This article originally appeared in the Hub.
By Aaron Wudrick, August 14, 2023
2015 must feel like an awfully long time ago for battle-scarred veterans of the Trudeau government. Sweeping into office on a wave of positivity, armed with a majority mandate and a fresh-faced cabinet, everything was coming up Justin.
His was to be a government that was utterly enamored of technology and innovation, even going so far as to rechristen the federal department formerly known as “Industry” as the Department of “Innovation, science and economic development.” Similarly, the Trudeau government prided itself on being professional managers of the country’s relationship with our neighbours to the south—first with the kindred spirits of the outgoing Obama administration, and then later with the mercurial Trump administration, even managing to stickhandle NAFTA’s renegotiation into CUSMA in such a way that earned them plaudits from across the political spectrum.
Fast forward to 2023 and, as with all long-in-the-tooth governments, the political baggage is starting to pile up. With an election at most two years away, the Liberals are looking for any and every opportunity to revive their flagging polling numbers. Unfortunately for Canadians, they appear to have decided that making cartoon villains out of “big tech” and risking a trade war with Uncle Sam might be just the ticket.
Consider first the recently passed bill C-18, otherwise known as the Online News Act. That bill—which was intended to rescue Canada’s floundering legacy media outlets by imposing a link tax on Google and Meta—backfired spectacularly when both companies announced they would simply stop linking to Canadian news. But rather than acknowledge their miscalculation, the government decided to double down and try to make some political lemonade out of a policy lemon by attempting to reframe what is essentially a shakedown into a noble crusade in which the fate of our very democracy hangs in the balance.
Apparently they feel things have been going so well with C-18 that they’re keen to find other ways to poke the Americans in the eye. They appear to have found it in the form of a proposed digital services tax (DST) that would apply primarily to U.S. tech giants like Amazon, on the basis that these companies are not paying taxes in proportion to the amount of business they do in Canada. This complaint is hardly unique to Canada, and in recent years, all OECD countries including Canada have agreed that a multilateral effort is the best way to tackle this problem. But while every other major player has agreed to defer imposing any new DST and continue talking, Canada plans to go ahead in January 2024 and impose its own DST unilaterally. It’s not hard to conclude that, as with C-18, the Trudeau government has decided that looking tough against big tech makes for good politics, terrible policy be damned.

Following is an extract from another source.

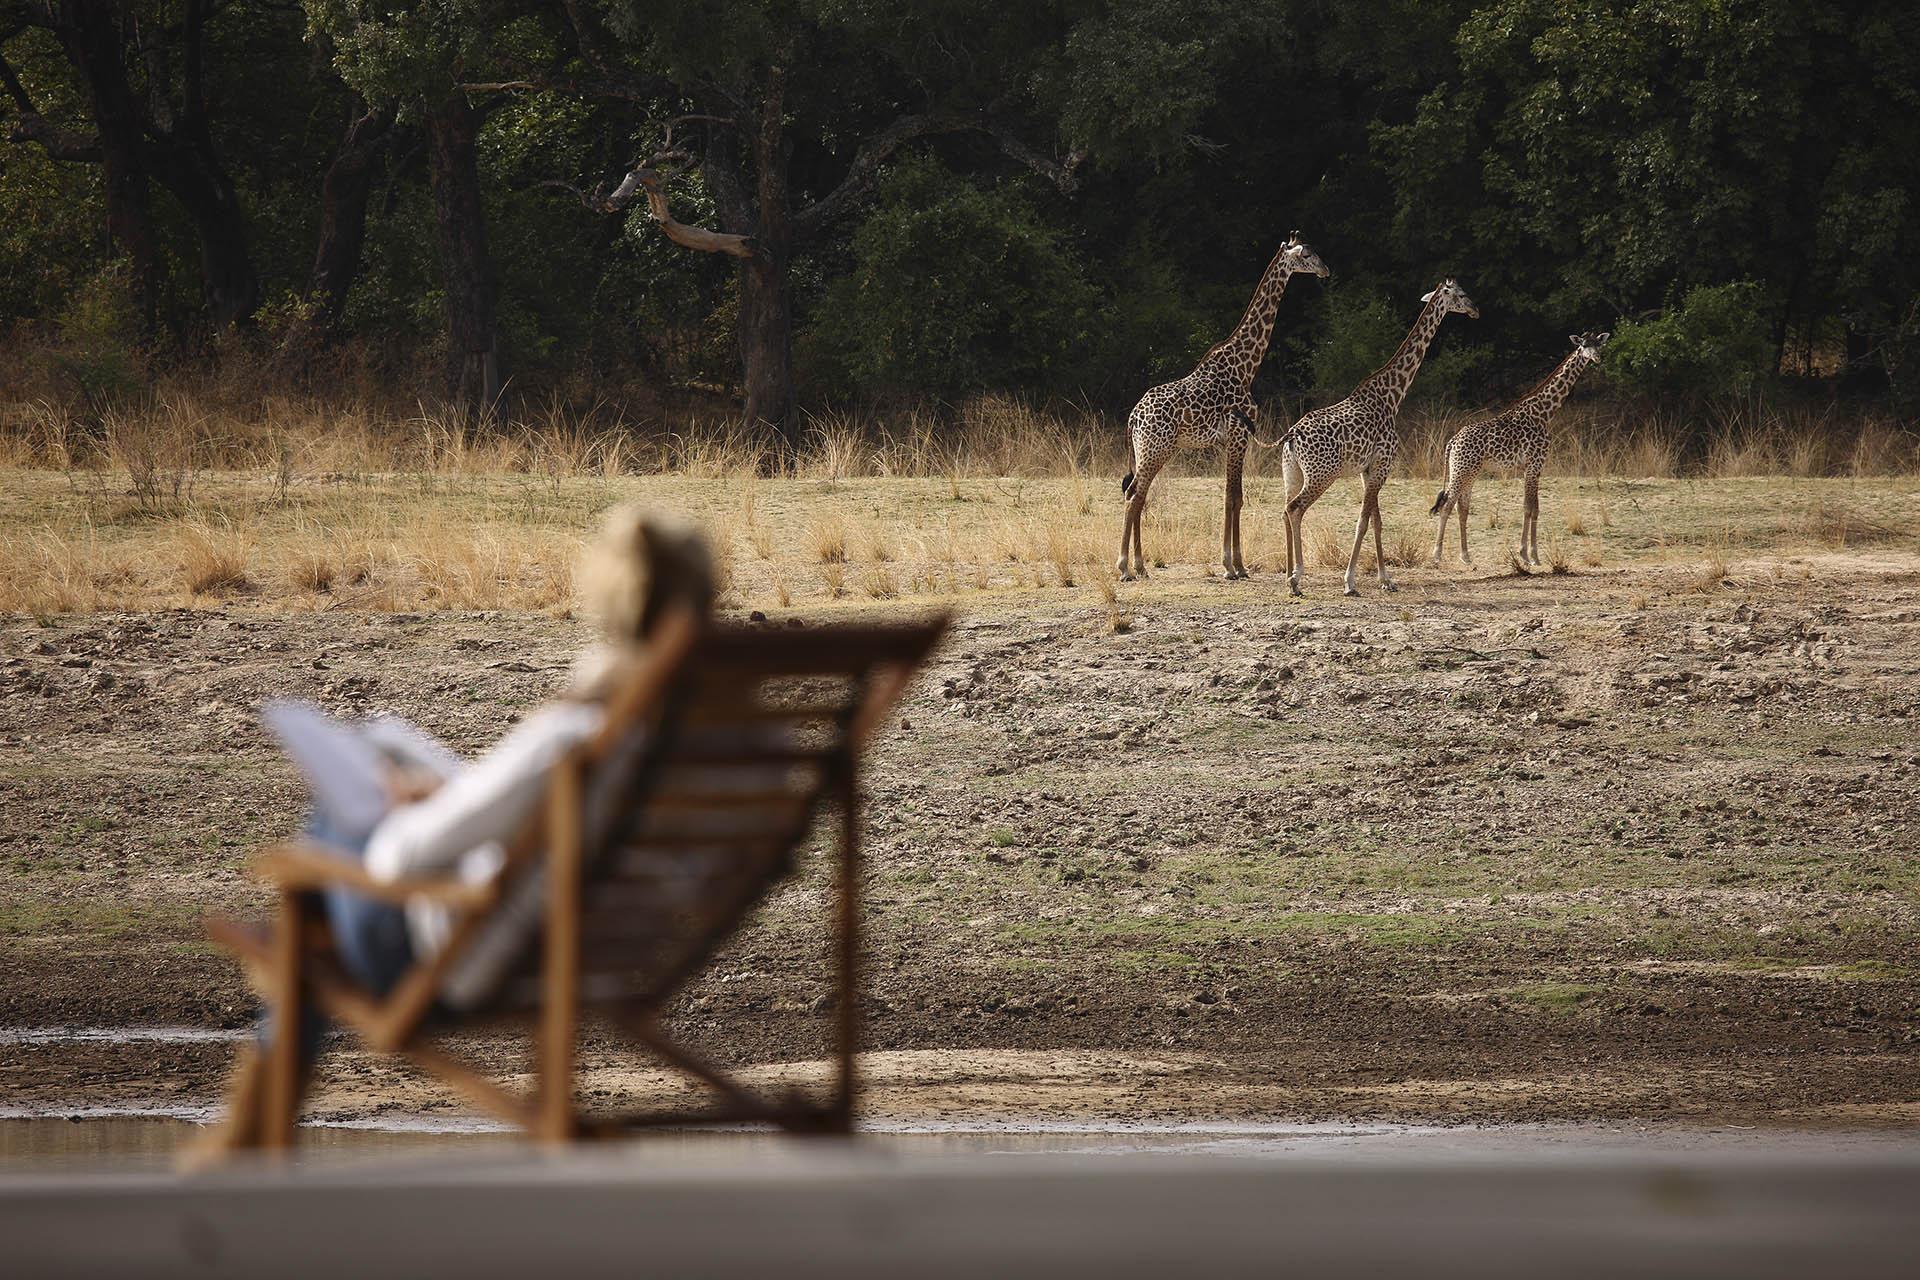 viphya plateau tours malawian-style-malawi-adventures-experiences-specialist-tour-operator-chinzombo-giraffe

How terrible? Well, the Americans haven’t been shy about warning there’s trouble ahead. In July, U.S. Trade Representative Katherine Tai flagged it as an irritant in meetings with International Trade Minister Mary Ng. Following that meeting, U.S. Ambassador to Canada David Cohen was even more direct, stating that if Canada proceeded with its plans for a unilateral DST, his country would have “no choice but to take retaliatory measures.” And as the 2024 U.S. presidential election draws closer, you can bet that American politicians on both sides of the aisle will be taking a hard line in defence of American interests.
Every shop-worn government starts to worry about its survival, and this government would hardly be the first to flirt with bad policy on that basis. But unlike benign back-of-the-napkin campaign promises—promising to plant two billion trees leaps to mind—putting Canada’s economic relationship with our closest partner and ally at risk, because you think it might be worth a little bump in the polls, is highly irresponsible.
The Trudeau government needs to take a deep breath, step back from the precipice and drop its threat to impose a unilateral DST.
Aaron Wudrick is the Director of the Macdonald-Laurier Institute’s Domestic Policy Program.